AMULET3 incorporates an optimization which exploits the separate instruction memory port (see figure 1). The execution unit passes the load address of the PC value back to the prefetch unit via the branch address path in parallel with initiating the other register transfers in the data interface. This 'branch' terminates prefetching from the redundant instruction stream and prompts a single read cycle which fetches the new PC. This is then returned to the prefetch unit (via 'IND' in figure 2) where instruction fetching resumes. With a typical subroutine return much of this should happen whilst the data transfers are proceeding and so the new instructions should be available before the LDM has completed.

Note that this feature imposes a significant constraint on the memory designer: the instruction and data memories must be coherent because a PC value is stored via the data port and then read via the instruction port. The first AMULET3-based system has a unified memory which is dual-ported to give independent instruction and data ports. Coherence is therefore not an issue here.



Figure 4: Data flows in the decode/execution pipeline

# 3: Thumb decoder

The Thumb instruction set [6] is intended to allow higher code density, which is especially important in many embedded systems. It is not a complete instruction set architecture but a compression to 16 bits of many of the more frequently used ARM instructions. With a few minor additions to the execution stage Thumb instructions can be expanded into 32-bit ARM instructions.

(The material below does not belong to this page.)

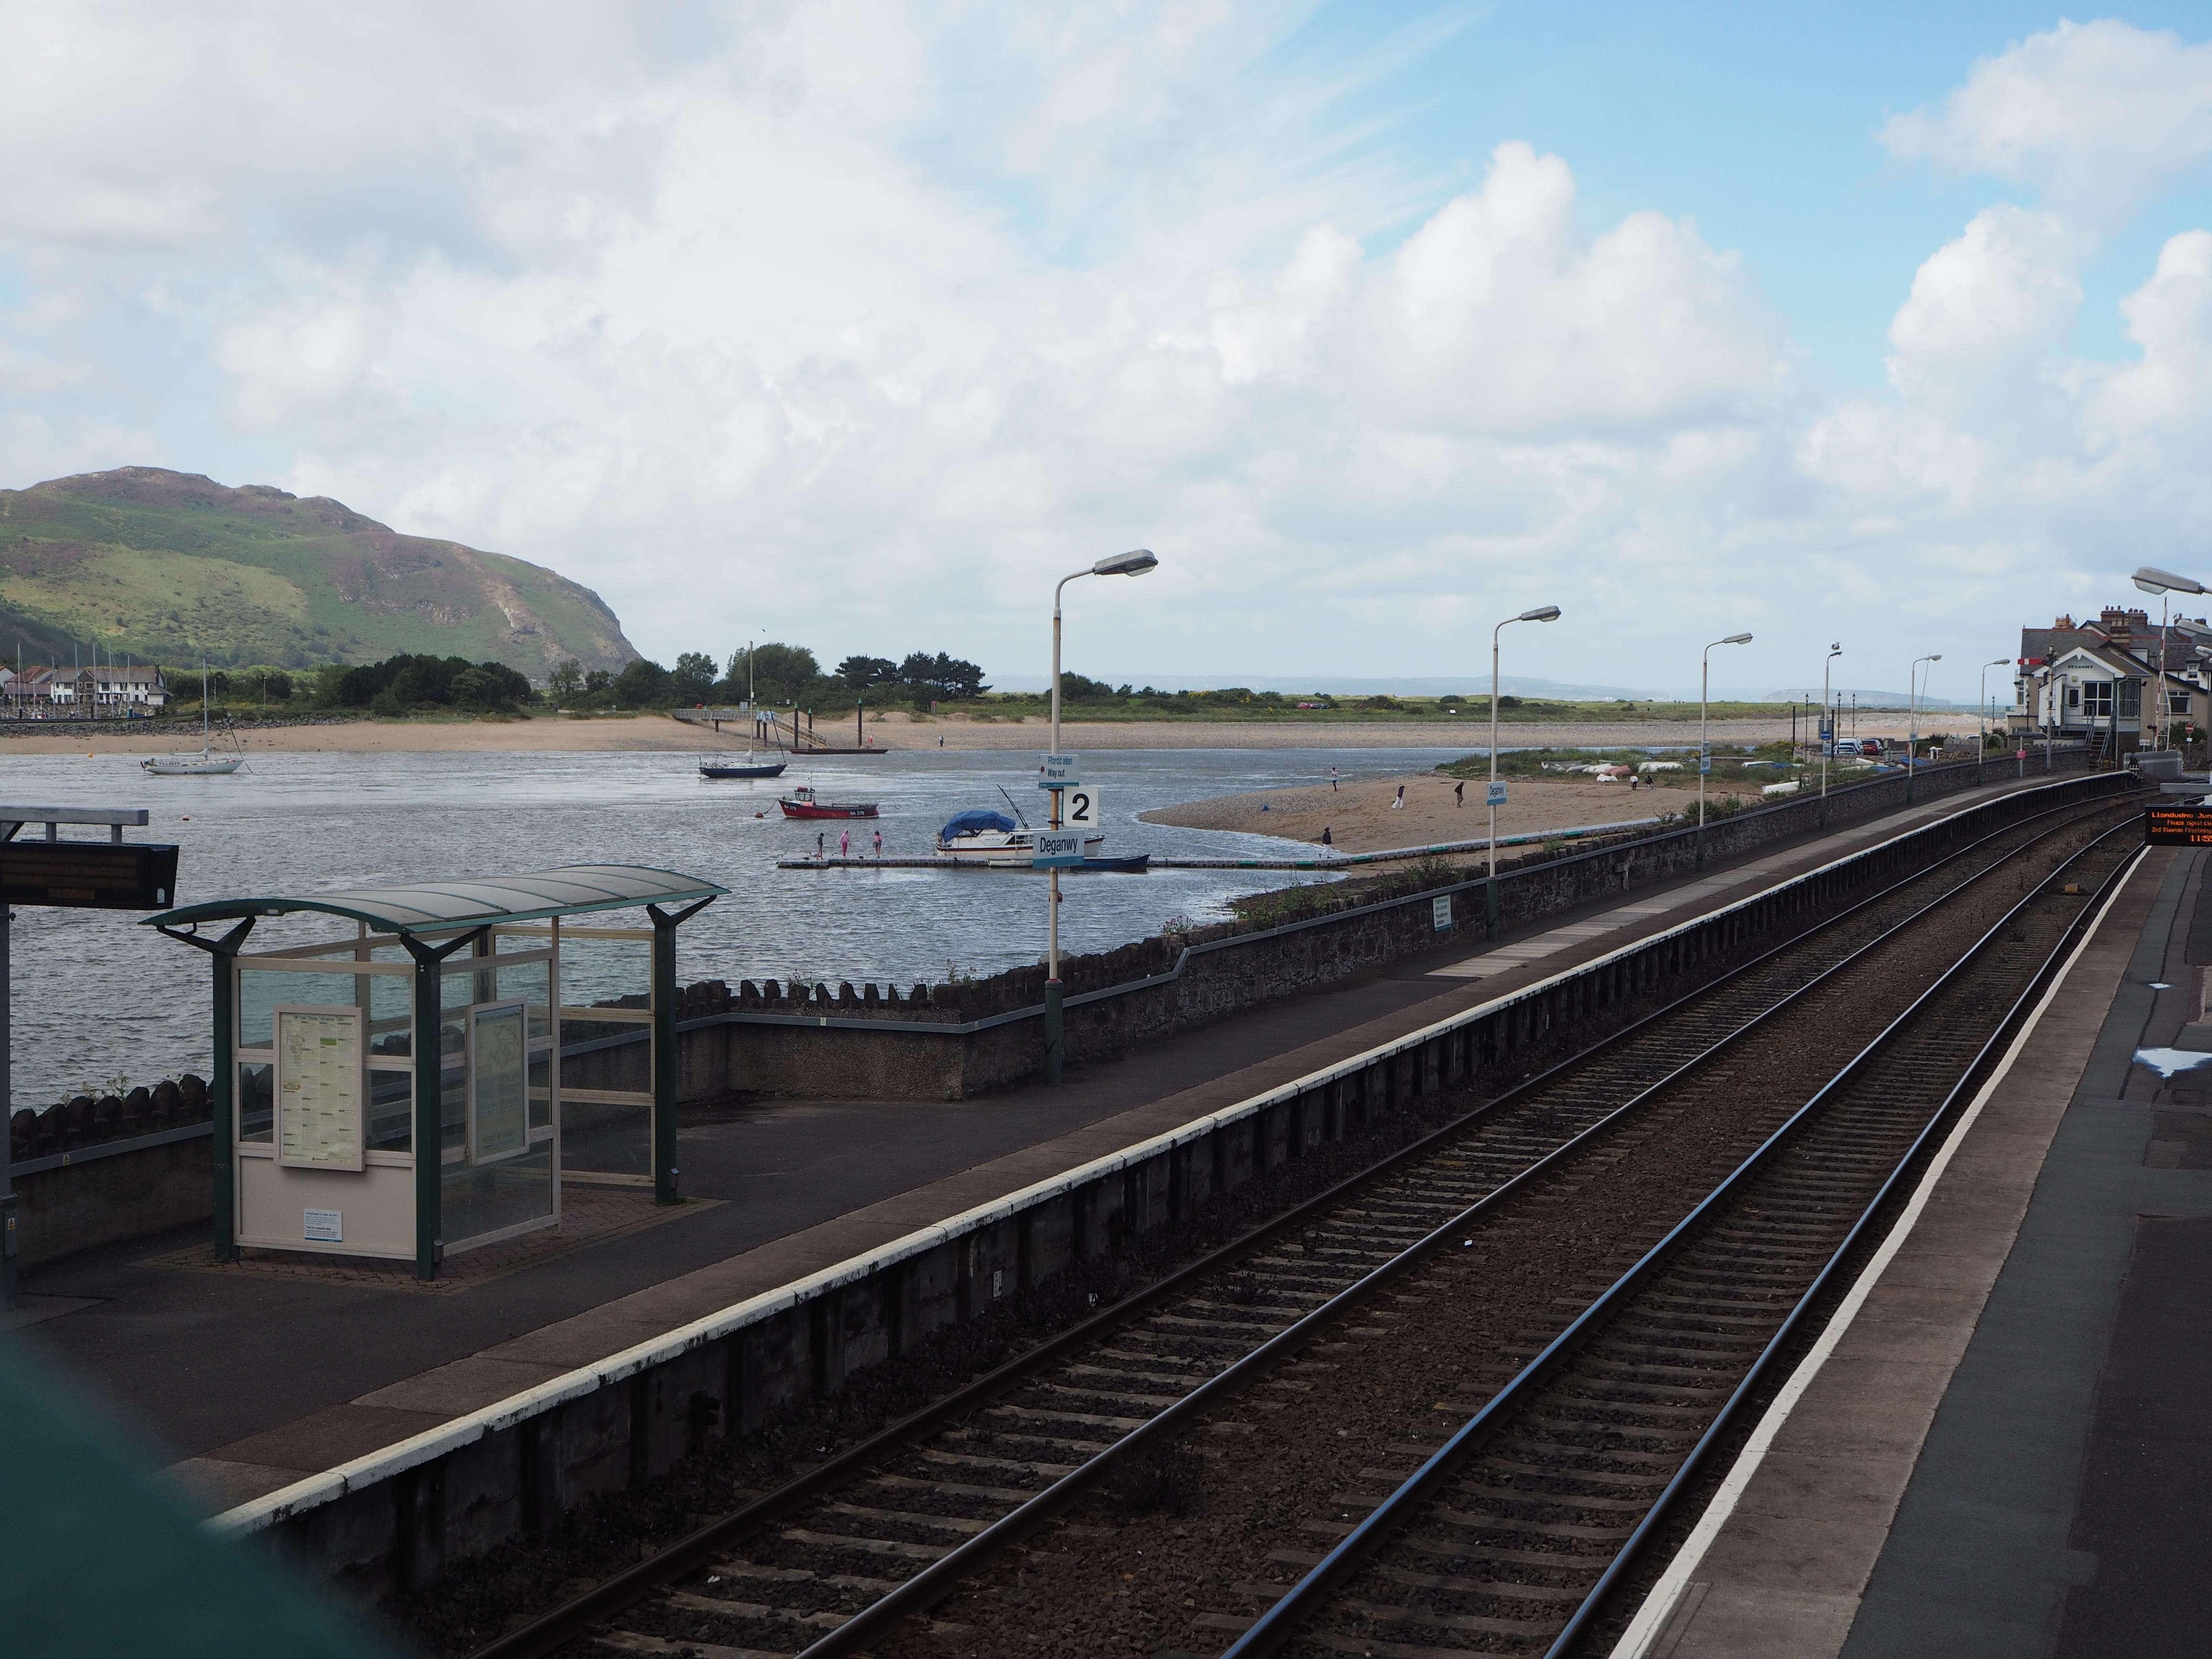 Deganwy Station, Conwy Valley Railway

The Thumb decode stage in AMULET3 receives 32-bit instruction packets which may contain a single 32-bit ARM instruction, two 16-bit Thumb instructions or an exception case such as a predicted branch or an 'interrupt service instruction' as described in sections 2.1 and 2.2. In most cases this packet undergoes little processing here and is passed rapidly forwards to the main instruction decoder. However if it is marked as containing Thumb instructions this stage will perform two (slower) cycles, expanding each Thumb instruction for the main decoder in turn. Because of the asynchronous nature of the pipeline it accommodates this 'one-in, two-out' behaviour automatically.

This can be contrasted with the approach used in the ARM7TDMI and ARM9TDMI which fetch Thumb code one 16-bit instruction at a time, thus smoothing the pipeline flow but doubling the number of external cycles performed.

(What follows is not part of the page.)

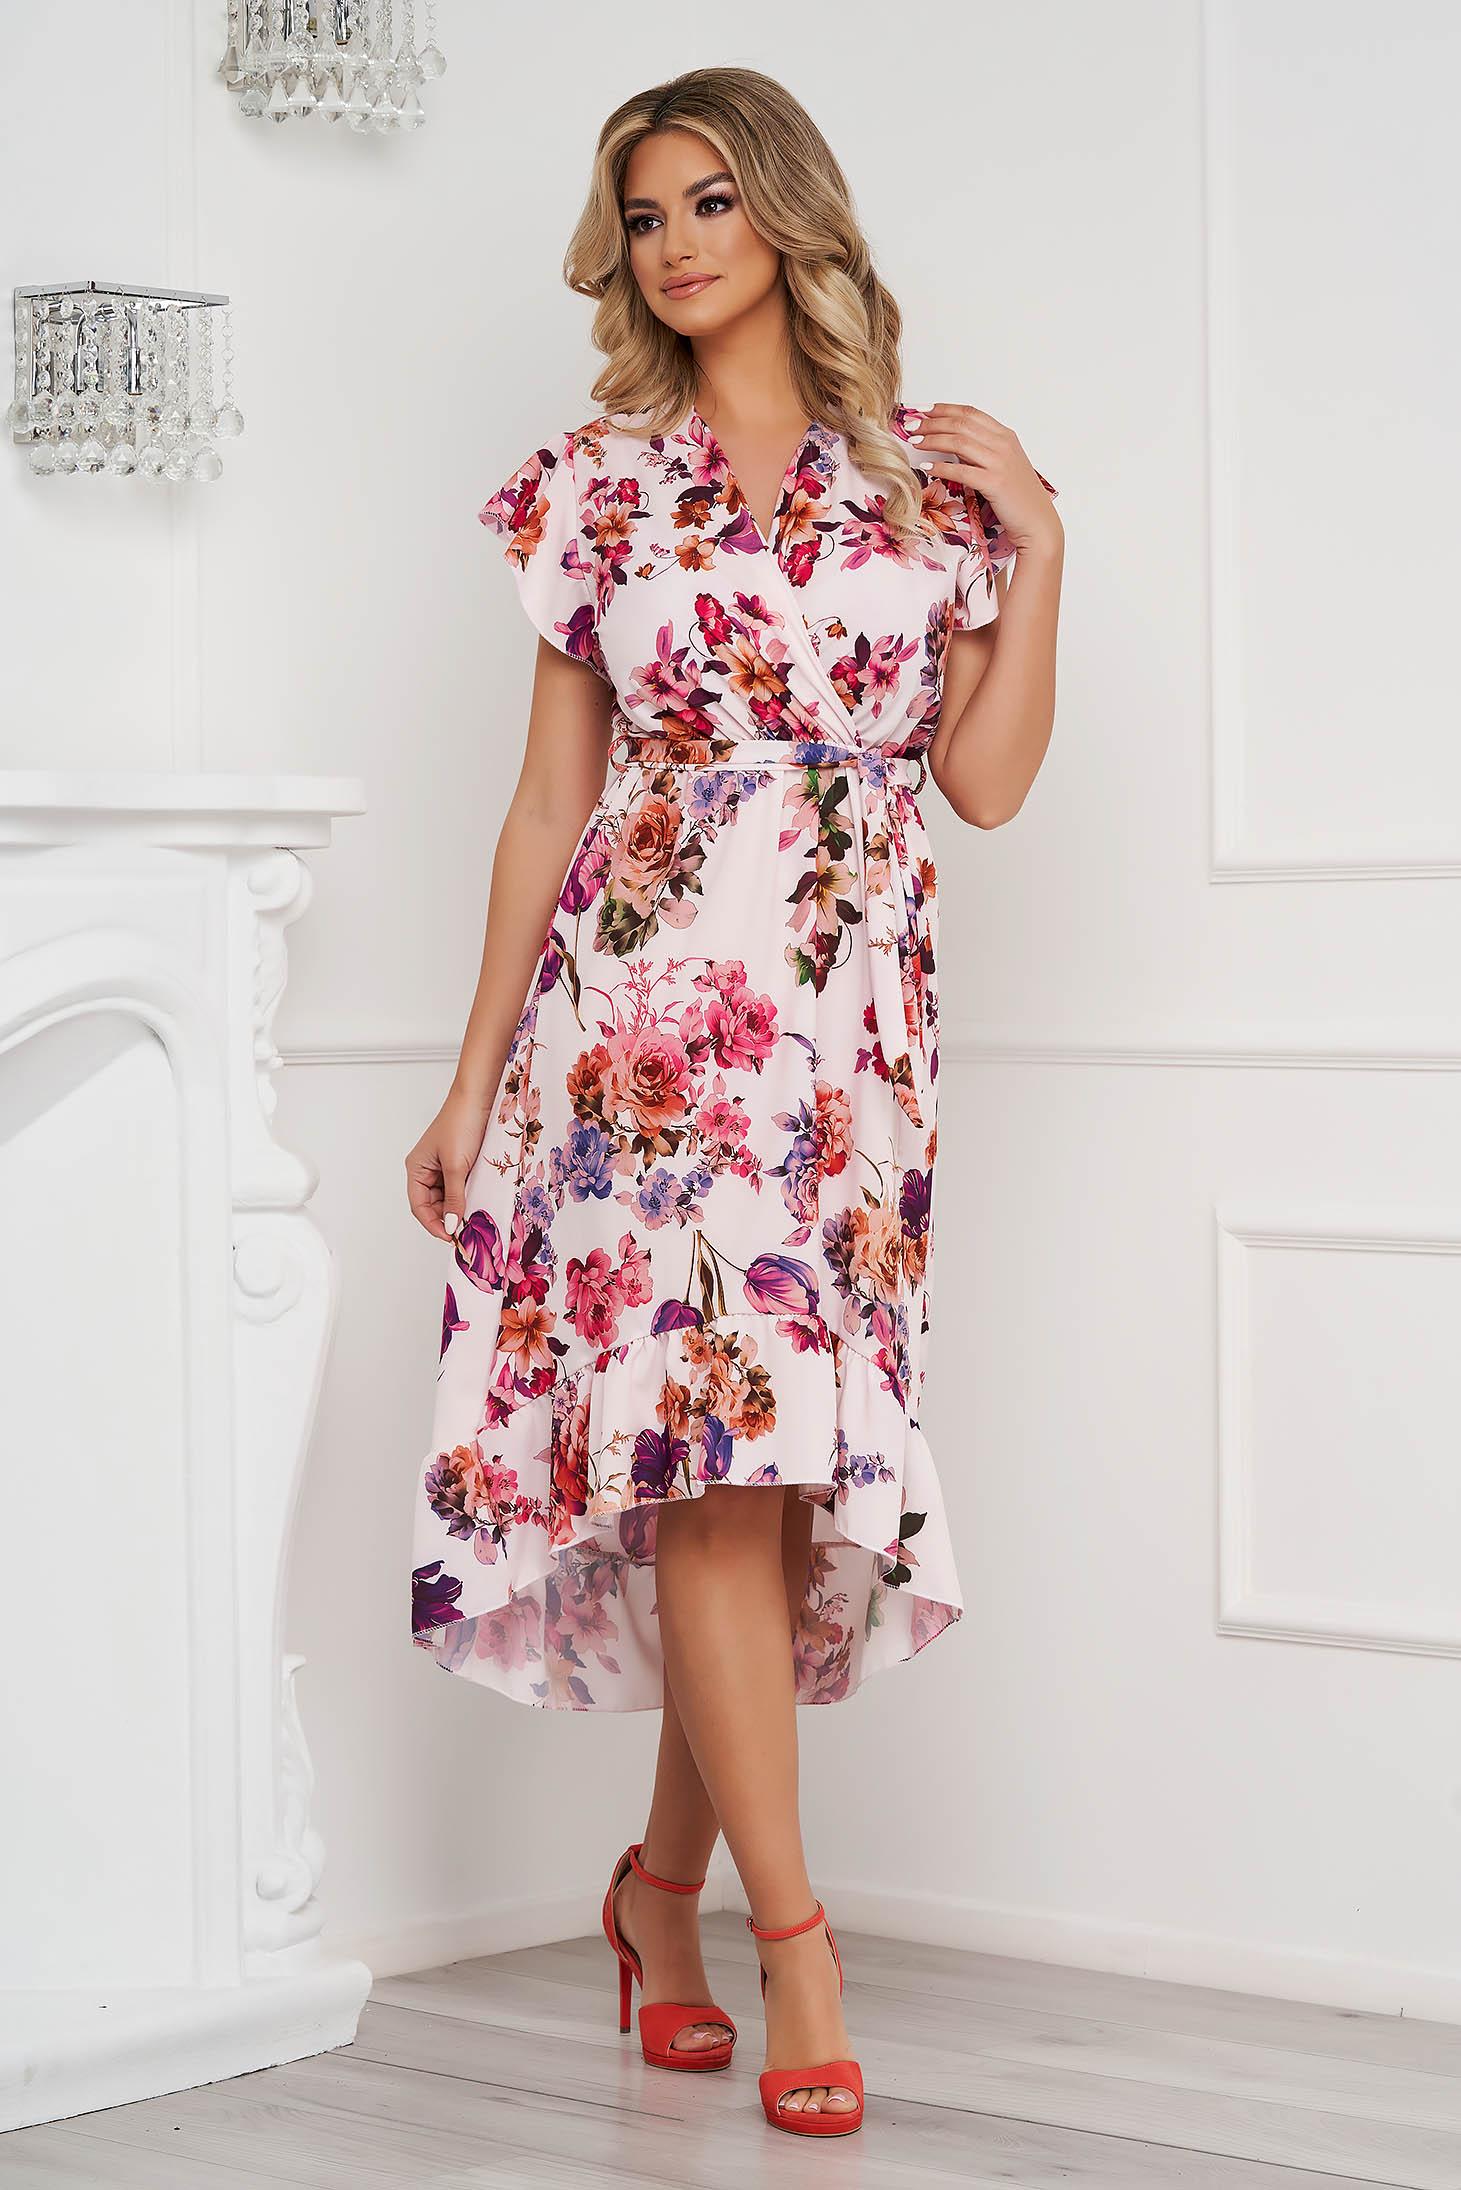 Dress midi asymmetrical cloche with elastic waist with floral print

### 4: Instruction decoder

The instruction decoder represents much of the complexity of the system. Figure 4 illustrates the main data flows through the instruction decoder and subsequent pipeline stages. As can be seen there is considerable parallelism (although not all paths are invoked for every instruction). Note that the latch 'stage' between the decoder and the execution unit – one of the widest paths in the processor – comprises several disparate elements which may operate at (slightly) different times. This helps to reduce penalties due to forwarding (register operands may arrive slightly later than the decoded instructions without penalty) and is also an attempt to reduce emitted electro-magnetic noise by skewing the latch enable times. (Only one register read/forward path is shown in figure 4; the processor contains three).

Despite its complexity relatively little of the instruction decoder design is novel or unusual. The two features which may be of interest are the register bank/reorder buffer – used here for register forwarding – and the mechanism for supporting the multi-cycle load (LDM) and store (STM) instructions.

### 4.1: Register bank

The register bank in AMULET2 has two read ports and a single write port, although the latter is shared by two incoming data streams (from the ALU and the memory) using an arbitrating multiplexer. This port structure is a reasonable match for the ARM6 instruction set, although several instructions require more than two register operands and therefore need two (or more) decode cycles. It uses the register ports efficiently, but imposes an overhead in the control logic.

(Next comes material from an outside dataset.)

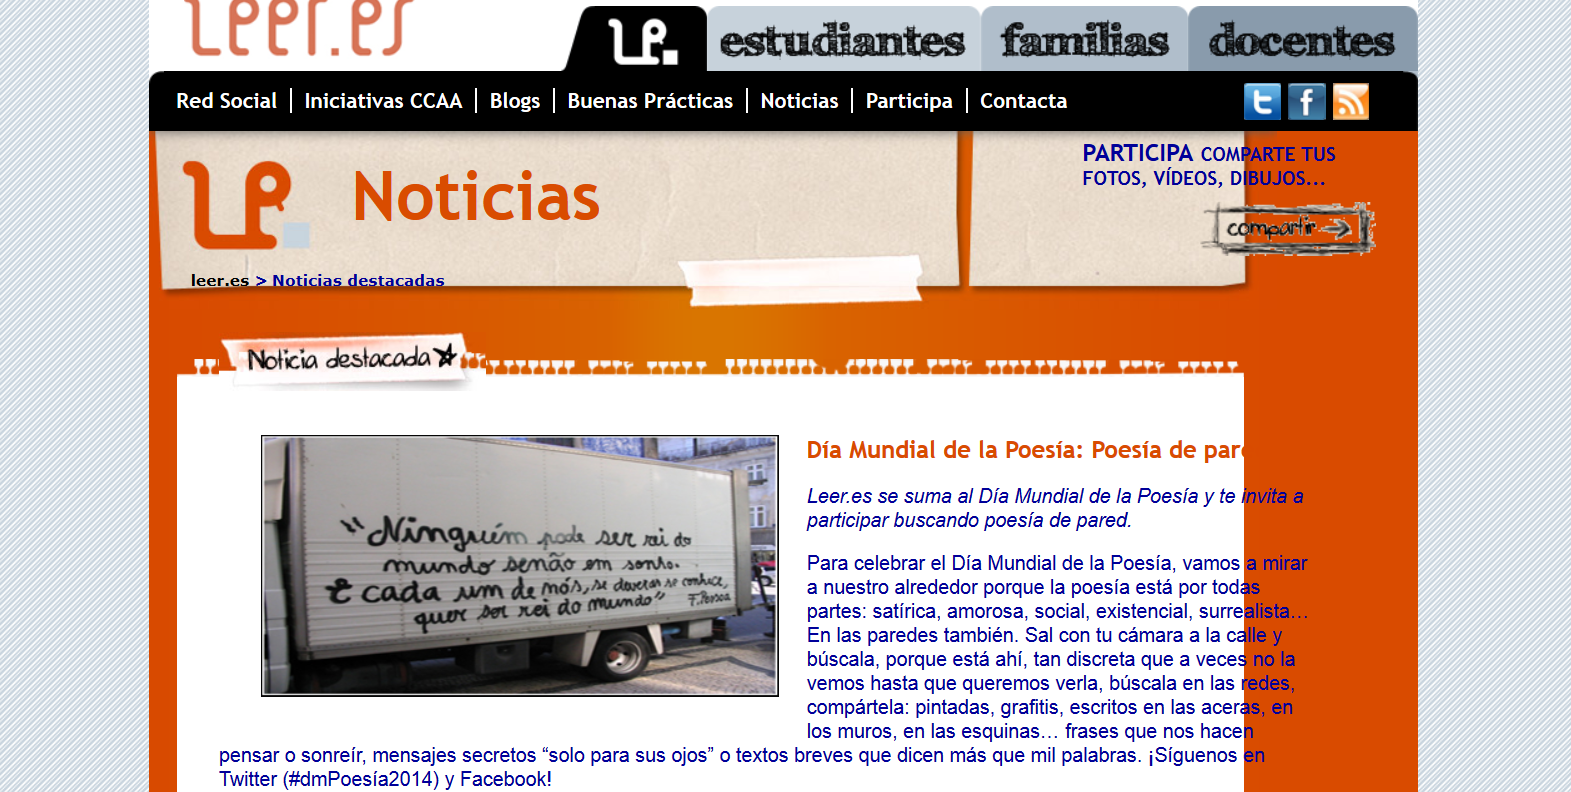 http://leer.es/dia-mundial-de-la-poesia-poesia-de-pared/

AMULET3's register bank has three independent read

ports. This increases the physical size of the unit but, because these may be invoked or bypassed for any given cycle, only the required registers are read so little extra power is consumed and artificial register dependencies are avoided. This means that almost all instructions can be executed in a single cycle, reducing the control overhead in this, and other, stages.

The register bank is tied closely to the reorder buffer (see section 7.1). When an instruction arrives its register operands are both read directly and checked (in a CAM) to see if they should be forwarded from outstanding results. Any forwarding is asynchronous, and will override any value from the register bank. Naturally, results which are invalid – for example from instructions which fail their condition code test – are not forwarded.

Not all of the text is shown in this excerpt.